IBN consists of a number of components, each of which delivers benefits:

• Management Dashboard configures the system (expresses intent) and monitors operation. Although IBN's purpose is to run the network autonomously, human intervention is required (and desirable) for some time yet.
• Intent Translation takes the ''what'' and translates it into the ''how''. Typical interfaces are either menu-driven graphical or a more sophisticated natural language option.
• Network Verification proves that that translated configuration will deliver the desired intent with no security or reliability issues. This component uses formal verification tools to mathematically test and exhaustively prove that the configuration is correct.
• Remediation reacts to changes in real-time, for example, if a link fails, or a device goes offline. Capable of learning from past incidents and incorporating network best practices thanks to Machine Learning (ML), it can apply corrective actions to a wide variety of network issues. This is the newest area for IBN development and although great progress has been made, experts agree that for some time, humans will still be required to approve the corrective actions suggested by a remediation engine.

Arguably, the greatest benefit of the IBN solution is formal verification of the network configuration by the Network Verification component. This verifies that network configuration meets the intent, and ensures there are no security breaches or policy violations.

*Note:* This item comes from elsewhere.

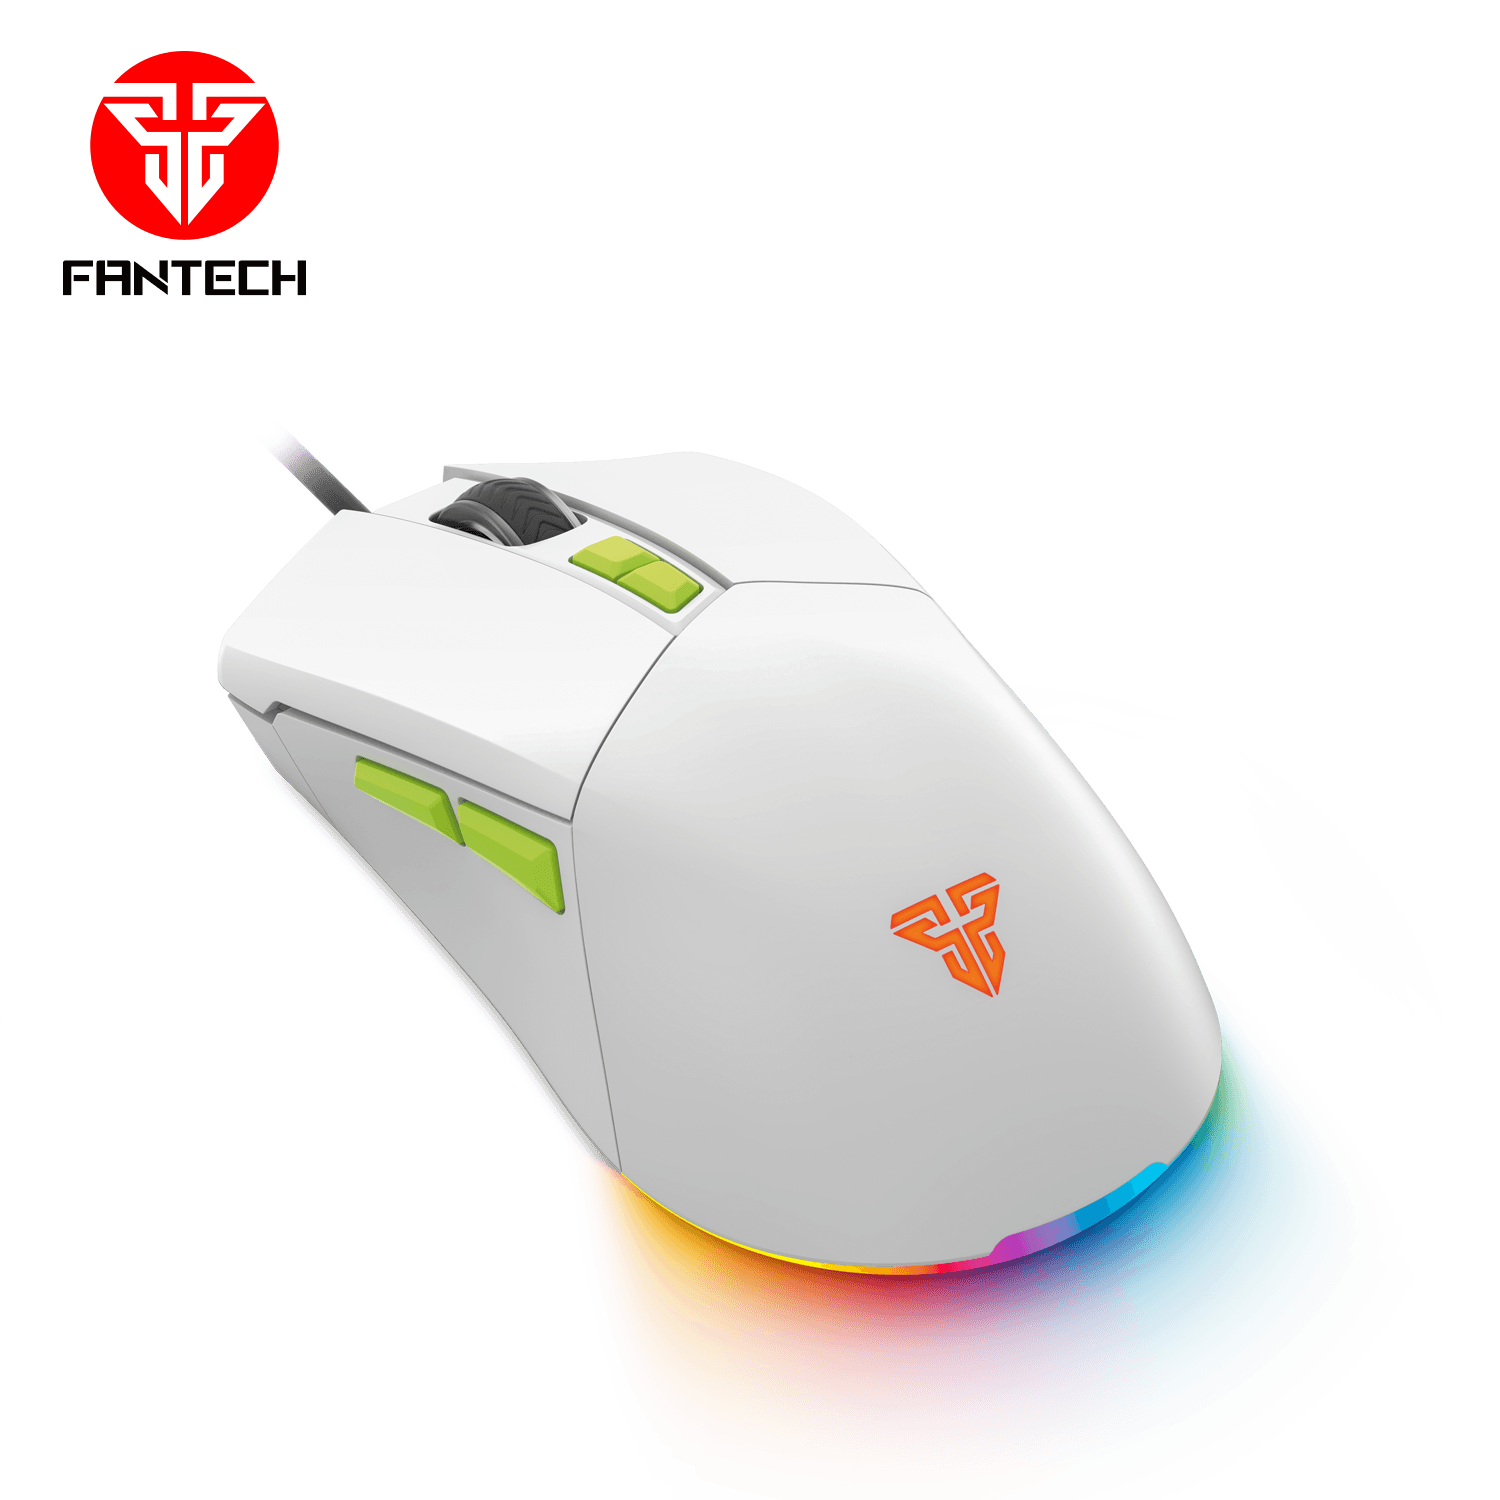 Fantech Phantom II VX6 Neon Macro Gaming Mouse - Fantech Jordan | Gaming Accessories Store

Take Full Advantage of New Technology and Transform Your Business

With increasing competition, there has never been a greater need for businesses to adapt and become more efficient. Fortunately, technologies such as cloud computing, Artificial Intelligence and the Internet of Things are enabling organizations to transform the way they operate and compete to achieve these goals.

Within the realm of technology, the network plays a pivotal role - it underpins the transformation that is taking place within businesses as they seek to become more agile and efficient, and 'do more with less'.

Of particular importance, network convergence, orchestration and virtualization deliver a multitude of benefits to organizations which include:

• Reduced capital and operational expenditure
• Greater flexibility, scalability and agility
• Better application experience
• Greater security

In addition to these benefits, following the five steps outlined in this document will allow organizations to remain at the forefront of technology adoption and stay ahead of their competitors.